For those looking for spiritual insight from the Torah, this portion may be a disappointment–but only if one undertakes a quick, superficial review of the text. This section of Exodus appears to read more like a contractor’s list of building supplies and instructions than it does sacred writ.
This week’s Torah portion is focused on the specific requirements for building the tabernacle. But this is the place where the Jewish people will focus their connection with the holy. It has to be more than just a prefabricated building or a set of architectural or interior designer plans for a local meeting hall. And to make sure that the Tabernacle reflects the deep, inner yearnings of the people, they are directed to bring gifts to further enhance the work of the builders and artisans, should they be motivated to do so.
While this may seem like a Torah reading for the mind–since the details are so specific–it is really one for the heart and soul.
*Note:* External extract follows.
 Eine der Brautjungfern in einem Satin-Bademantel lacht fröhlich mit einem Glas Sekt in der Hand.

According to Tzena Urenah, one of my favorite commentaries on the Torah, this portion follows that of the giving of the Torah because God’s presence rests in a place of charity, when people are willing to give, and to give of themselves.
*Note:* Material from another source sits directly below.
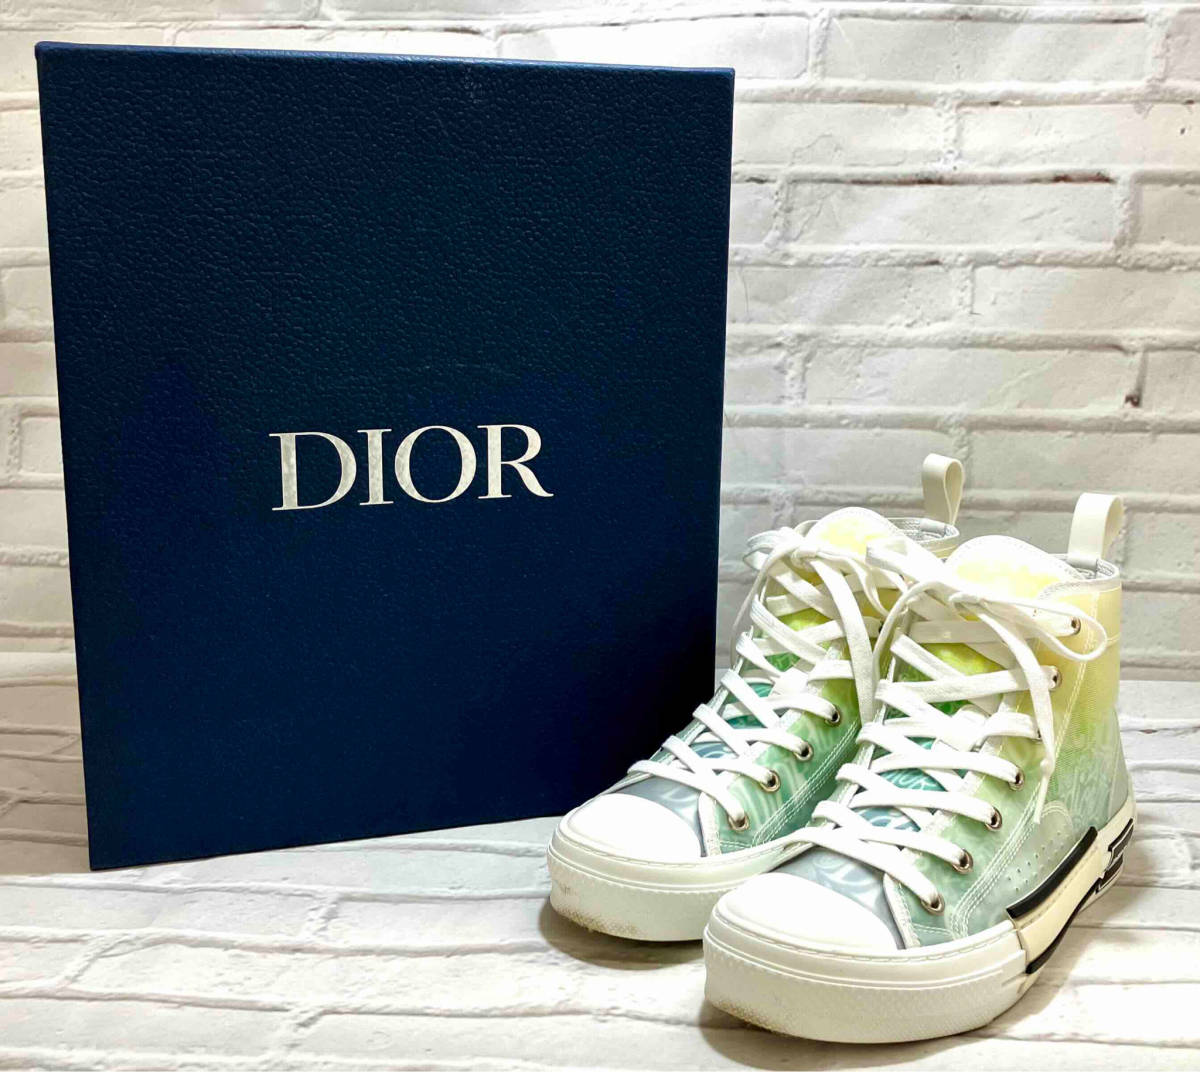 DIOR / Dior / спортивные туфли / 3SH118YYL / с коробкой / размер 38

What more needs to be said about an inclusive Jewish community? If we gather in those who would come close to the community, regardless of their background, and they give of themselves, surely it is a place where God’s presence dwells. Just as the people made a Tabernacle of their lives in the ancient world to correspond to the one that they were building, perhaps we can invite people to do the same in our age: build a tabernacle that reflects the kind of inclusive Jewish community that we desire to build.